Ering war etwa zwei Jahre nach Faolán dem Kloster beigetreten. Zu Beginn hielt er sich bedeckt, mischte sich nirgends ein. Er war ein Außenseiter. Doch der anhaltende Konflikt zwischen Faolán und Drogo blieb auch ihm nicht verborgen. Eines Tages bezog er schließlich Position und stellte sich unerwartet auf Faoláns Seite. So entstand schon bald eine besondere Freundschaft mit Faolán und Konrad. Eine Freundschaft, die von den übrigen Novizen schnell den Beinamen „Dreigestirn“ bekam. Ein Name, den sie nicht ohne einen gewissen Stolz trugen.
Im Gegensatz zu Konrad war Ering mit Leib und Seele Novize. Er wollte sobald wie möglich die Mönchsweihe empfangen, um seiner Berufung zum Priester nachgehen zu können. Das war nicht nur der vorübergehende Wunsch eines Jungen, sondern eine feste Überzeugung, an der Ering keinen Zweifel ließ. Er wollte sein Leben dem Herrn widmen und für das Seelenheil der anderen sorgen.
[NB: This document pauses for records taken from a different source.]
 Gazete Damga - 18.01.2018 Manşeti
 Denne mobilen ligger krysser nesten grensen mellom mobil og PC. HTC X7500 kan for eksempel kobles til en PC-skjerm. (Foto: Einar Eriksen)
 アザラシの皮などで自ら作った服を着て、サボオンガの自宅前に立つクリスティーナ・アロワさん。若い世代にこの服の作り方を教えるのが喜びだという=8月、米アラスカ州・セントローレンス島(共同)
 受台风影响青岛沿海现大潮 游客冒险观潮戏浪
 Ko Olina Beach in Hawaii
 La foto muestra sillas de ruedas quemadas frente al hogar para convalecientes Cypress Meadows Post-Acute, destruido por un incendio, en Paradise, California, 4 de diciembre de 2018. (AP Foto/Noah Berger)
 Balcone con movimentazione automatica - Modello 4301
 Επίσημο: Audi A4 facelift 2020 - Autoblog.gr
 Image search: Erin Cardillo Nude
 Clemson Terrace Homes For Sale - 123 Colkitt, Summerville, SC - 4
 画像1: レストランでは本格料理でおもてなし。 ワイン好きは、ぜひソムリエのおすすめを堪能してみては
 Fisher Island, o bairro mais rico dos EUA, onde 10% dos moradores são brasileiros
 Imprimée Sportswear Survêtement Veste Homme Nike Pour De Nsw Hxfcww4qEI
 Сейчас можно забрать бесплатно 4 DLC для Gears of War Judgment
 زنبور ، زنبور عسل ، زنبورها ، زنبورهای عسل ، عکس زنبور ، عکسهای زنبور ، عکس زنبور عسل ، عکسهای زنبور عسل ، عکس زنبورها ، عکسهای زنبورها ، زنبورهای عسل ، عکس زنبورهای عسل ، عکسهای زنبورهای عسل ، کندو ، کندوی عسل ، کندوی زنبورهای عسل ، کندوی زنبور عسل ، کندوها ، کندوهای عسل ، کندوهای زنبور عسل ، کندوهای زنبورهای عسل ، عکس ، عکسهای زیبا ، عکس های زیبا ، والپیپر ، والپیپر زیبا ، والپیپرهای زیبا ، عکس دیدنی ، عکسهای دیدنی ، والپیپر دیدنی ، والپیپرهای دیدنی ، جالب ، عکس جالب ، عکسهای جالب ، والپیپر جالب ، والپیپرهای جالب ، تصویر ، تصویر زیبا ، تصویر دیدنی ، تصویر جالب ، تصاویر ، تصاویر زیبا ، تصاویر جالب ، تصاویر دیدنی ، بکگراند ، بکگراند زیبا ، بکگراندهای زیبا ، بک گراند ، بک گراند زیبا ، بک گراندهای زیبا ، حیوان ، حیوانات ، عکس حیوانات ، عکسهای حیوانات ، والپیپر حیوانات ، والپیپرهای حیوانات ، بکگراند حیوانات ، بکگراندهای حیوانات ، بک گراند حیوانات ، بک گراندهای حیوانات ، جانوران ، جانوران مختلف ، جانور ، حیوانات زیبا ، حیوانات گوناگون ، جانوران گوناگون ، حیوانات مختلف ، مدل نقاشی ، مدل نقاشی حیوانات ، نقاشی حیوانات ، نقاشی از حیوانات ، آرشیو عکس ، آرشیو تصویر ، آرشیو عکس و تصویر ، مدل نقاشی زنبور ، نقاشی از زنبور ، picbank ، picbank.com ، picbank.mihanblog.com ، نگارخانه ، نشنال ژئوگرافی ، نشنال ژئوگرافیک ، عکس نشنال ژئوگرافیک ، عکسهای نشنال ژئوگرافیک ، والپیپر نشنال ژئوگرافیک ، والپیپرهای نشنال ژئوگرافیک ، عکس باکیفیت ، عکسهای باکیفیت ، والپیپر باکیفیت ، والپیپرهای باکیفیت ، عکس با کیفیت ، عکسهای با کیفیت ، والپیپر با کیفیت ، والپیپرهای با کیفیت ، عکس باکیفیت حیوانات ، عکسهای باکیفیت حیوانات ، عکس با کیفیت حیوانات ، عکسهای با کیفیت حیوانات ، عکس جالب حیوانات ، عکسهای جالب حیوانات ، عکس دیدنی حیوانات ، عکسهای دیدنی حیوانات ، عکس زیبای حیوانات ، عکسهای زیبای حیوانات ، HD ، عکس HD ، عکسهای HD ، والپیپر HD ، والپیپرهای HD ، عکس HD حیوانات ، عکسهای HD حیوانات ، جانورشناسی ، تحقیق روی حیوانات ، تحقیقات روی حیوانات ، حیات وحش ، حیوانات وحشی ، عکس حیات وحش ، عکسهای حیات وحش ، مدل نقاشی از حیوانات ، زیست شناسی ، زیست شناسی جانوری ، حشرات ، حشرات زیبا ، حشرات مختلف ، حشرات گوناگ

Ering konnte mit Worten viel erreichen. Er verstand es, behutsam und ruhig zu argumentieren, Schriften auszulegen und zu interpretieren, aber auch andere zu überzeugen und zu begeistern. Faolán konnte sich Ering sogar als Oberhaupt eines Klosters vorstellen, denn er besaß den notwendigen Ehrgeiz dazu.
Faolán bewunderte die Pläne seiner Freunde, weil er selbst keine vorzuweisen hatte. Zwar fühlte er sich im Benediktinerkloster zuhause, doch im Innern wusste er, dass er nicht auf ewig hier bleiben würde. Woher er das wusste, konnte er nicht genau sagen, dieses Gefühl war einfach vorhanden.
Faolán schob diese Gedanken beiseite, als seine beiden Freunde vor ihm standen. Konrad sprach ihn auf den Verband an. „Hast du wenigstens den Kampf gewonnen? Und wie sieht dein Gegner aus? Liegt er im Hospital?“
„Du redest, als hätte er gegen Drogo eine Chance“, stellte Ering fest.
„Nicht Drogo. Ich meinte die Ratte“, verteidigte sich Konrad und ein verschmitztes Lächeln zeigte sich auf seinen Lippen.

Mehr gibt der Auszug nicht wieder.